Monday 10 August, 2015 Written by 
New Research Shows Pay Gaps Cause Unrest High Pay Centre

High Pay Centre analysis shows hidden cost of big pay differentials within organisations

Workplaces with big pay gaps between the highest and lowest wage earners suffer more industrial disputes, more sickness and higher staff turnover than employers with more equitable pay differentials, a landmark report reveals today.

A High Pay Centre report today shows, on average:

  • Bosses earning 10 times more than the lowest-paid staff in their organisation experience industrial action at least once a year. Those with lower pay differentials do not.
  • Workplaces where top earners get 8 times the pay of junior staff report at least one case a year of work-related illness. Workplaces with pay differentials of 5 or less do not report any.
  • Organisations with average pay ratios of 7:1 experience higher staff turnover.

The report, The High Cost of High Pay, is based on a survey of almost 2,000 workplaces and reveals the true cost of pay differentials within the workplace.
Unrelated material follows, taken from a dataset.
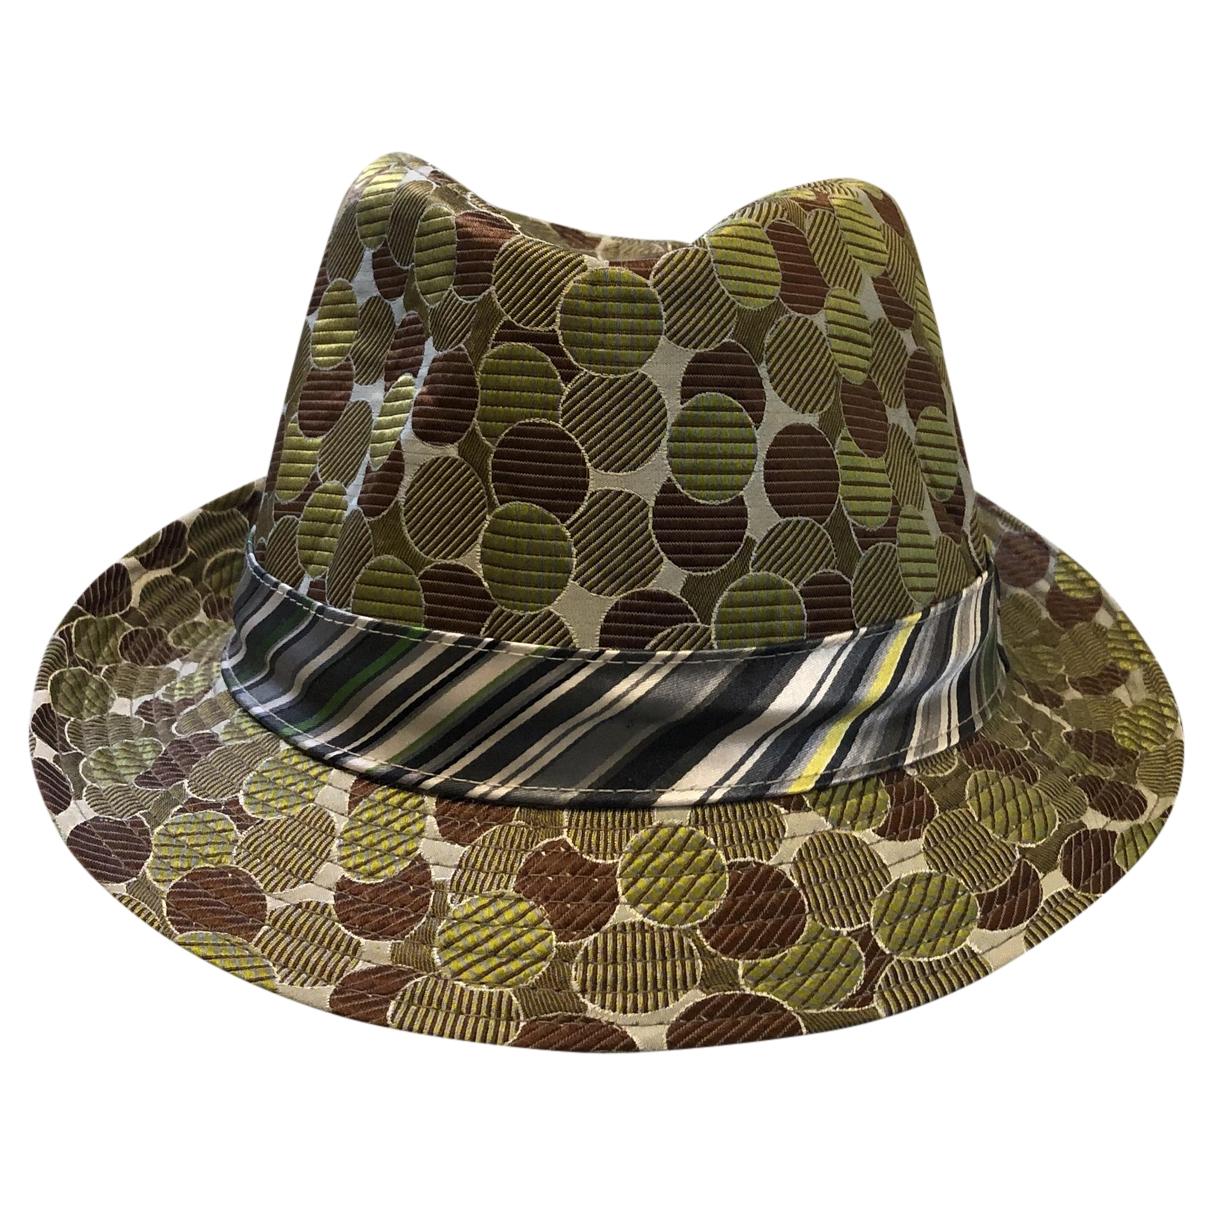 Paul Smith \N Green hat for Women M International
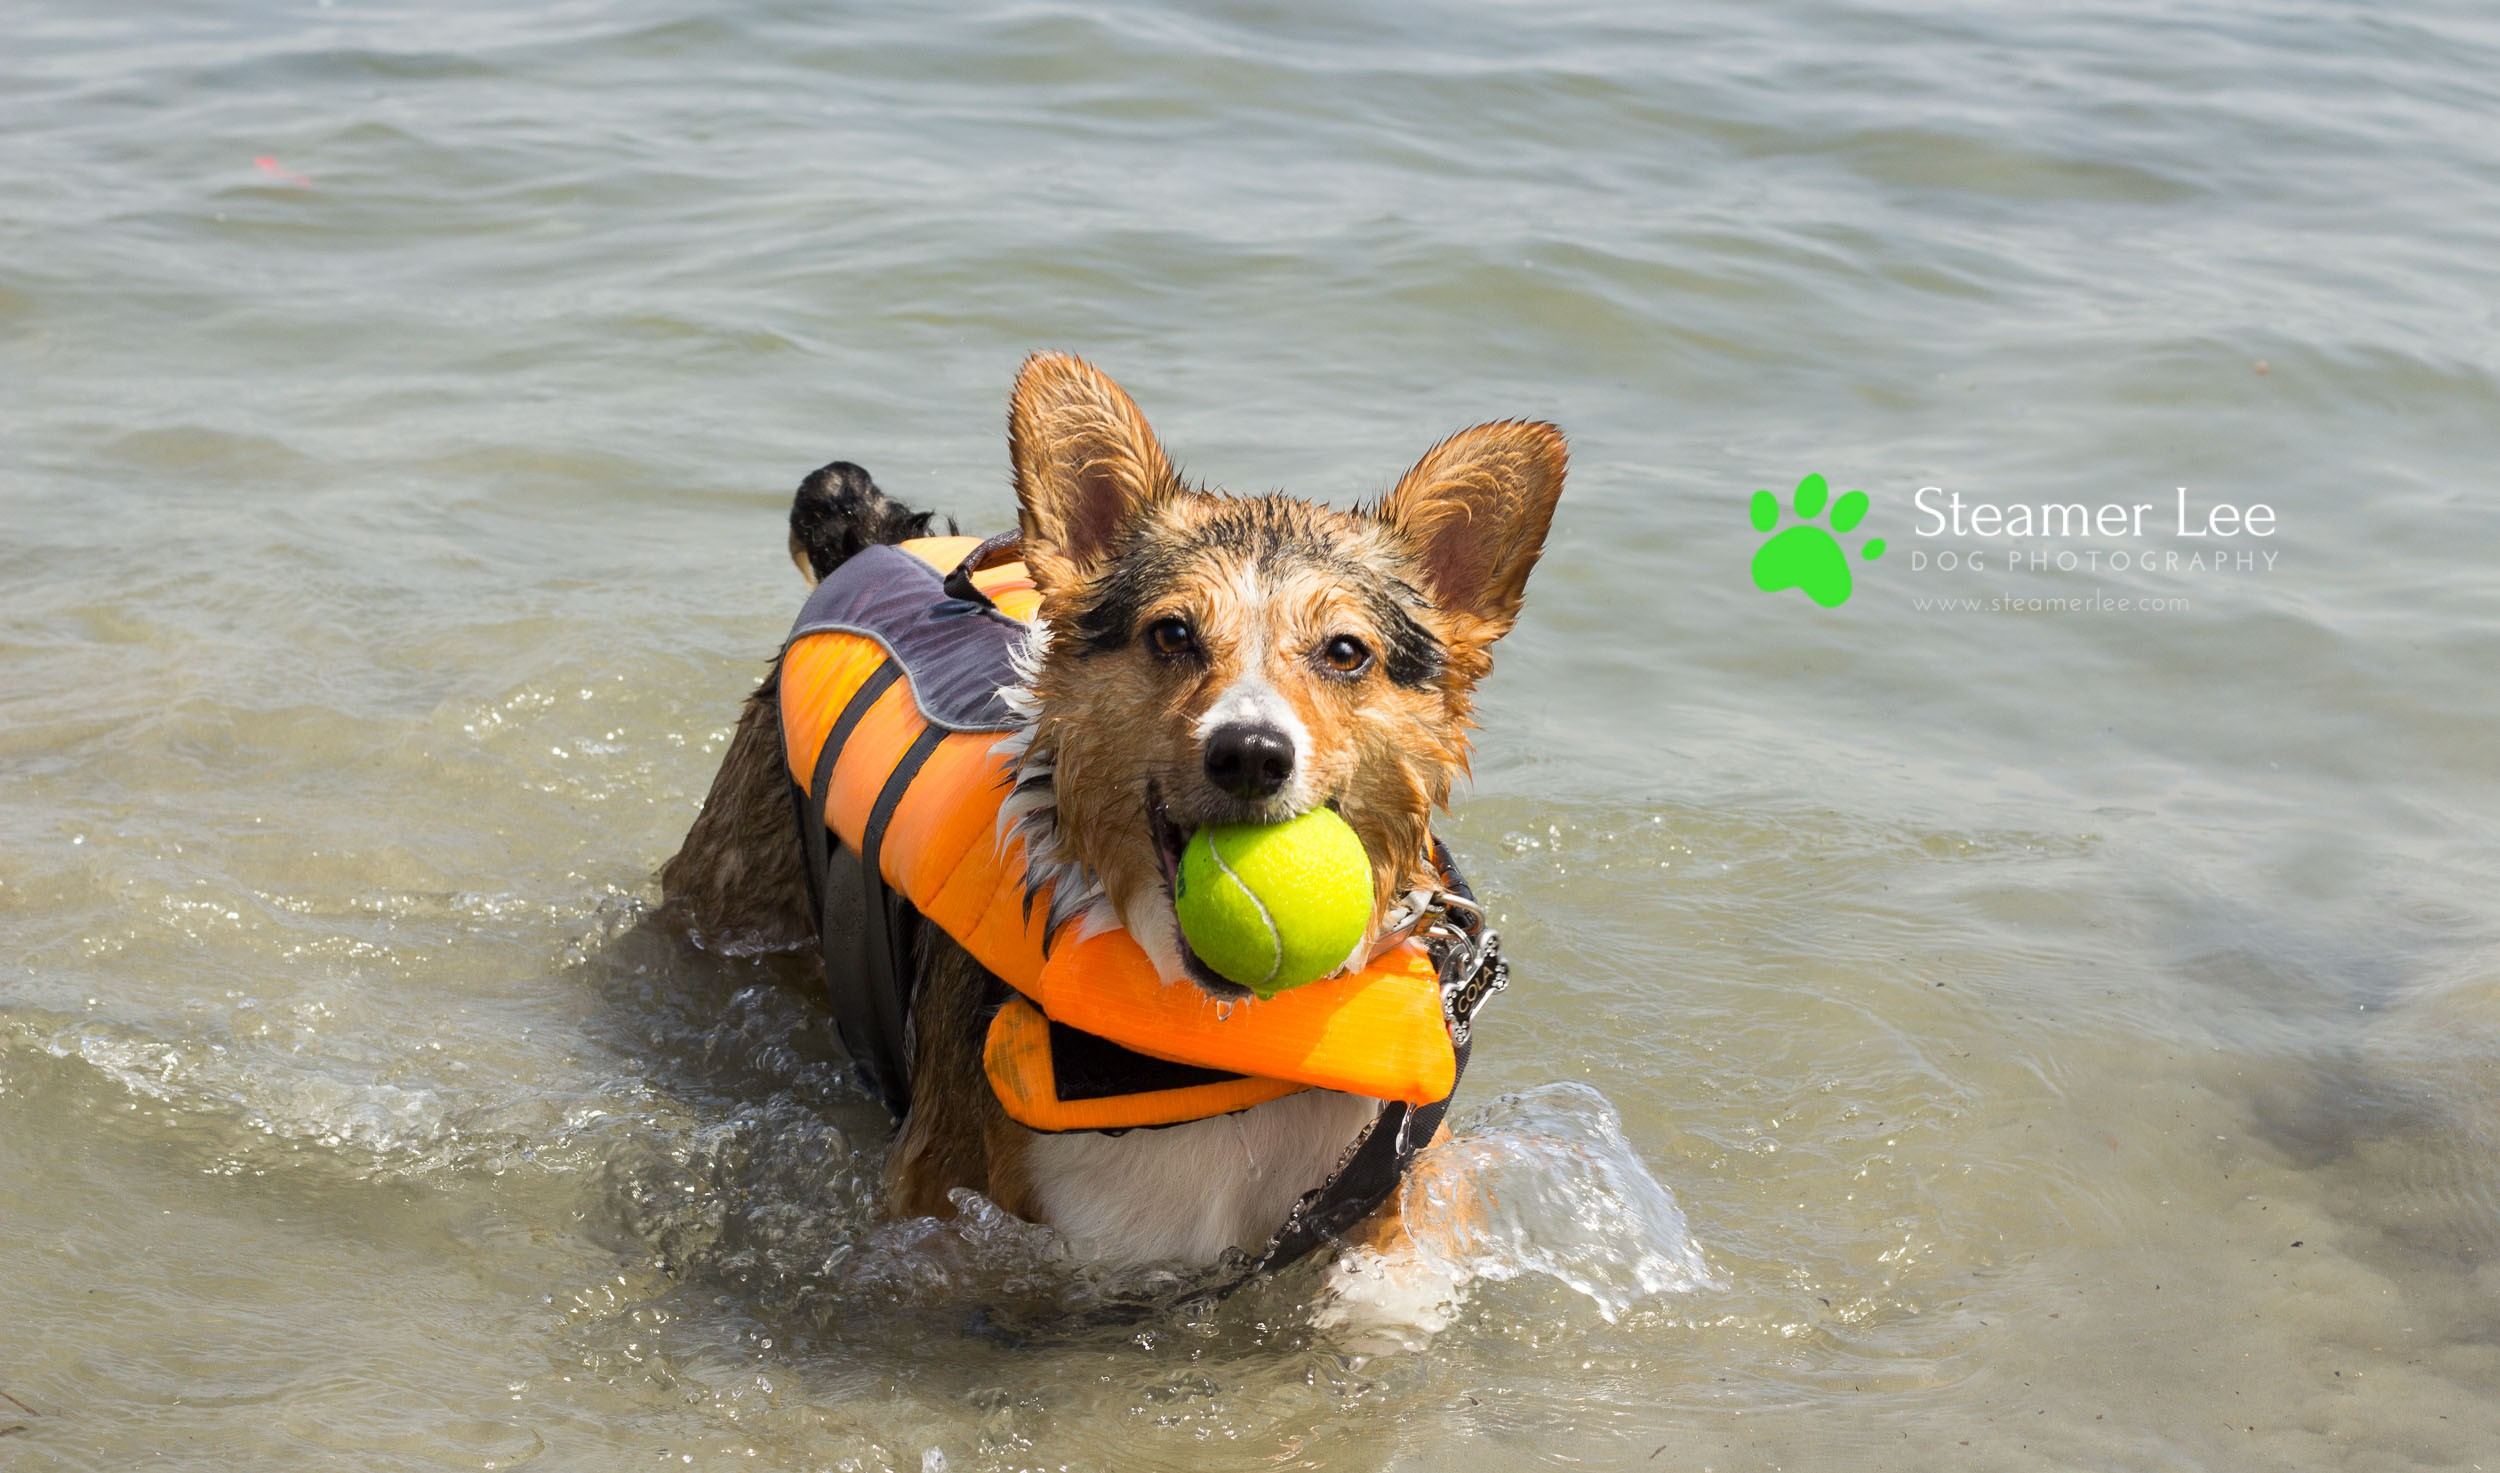 Steamer Lee Dog Photography - July 2017 So Cal Corgi Beach Day - Vol. 3 - 11.jpg

High Pay Centre director Deborah Hargreaves said: “High executive pay is not only frequently unmerited but has a huge hidden impact on the rest of the organisation and society as a whole.

“Whether it’s through staff turnover, sickness, low morale or industrial action, big pay gaps undermine employees’ loyalty to the company and their managers.

“Employers suffer lost productivity, have to pay more sick pay and legal and recruitment costs as staff left feeling the financial and emotional strain are driven even further into the ground.”

The High Cost of High Pay is described by authors as ‘an important step in challenging current thinking and practice around reward strategies in the workplace’ and tackles the basic premise of the so-called ‘Tournament Theory’. The theory claims that bigger pay gaps encourage people to work harder, was trumpeted in Boris Johnson’s claim that “inequality is … a valuable spur to economic activity” and is implicitly applied by most major UK firms.

The report  questions whether an employee is likely to have higher motivation if his or her bosses earn 80 times more than them.

It warns that any positive effects of motivation from extreme pay inequality are likely to be outweighed by impacts on staff morale and shows how, when stretched too far, pay differentials actually have a negative impact on companies.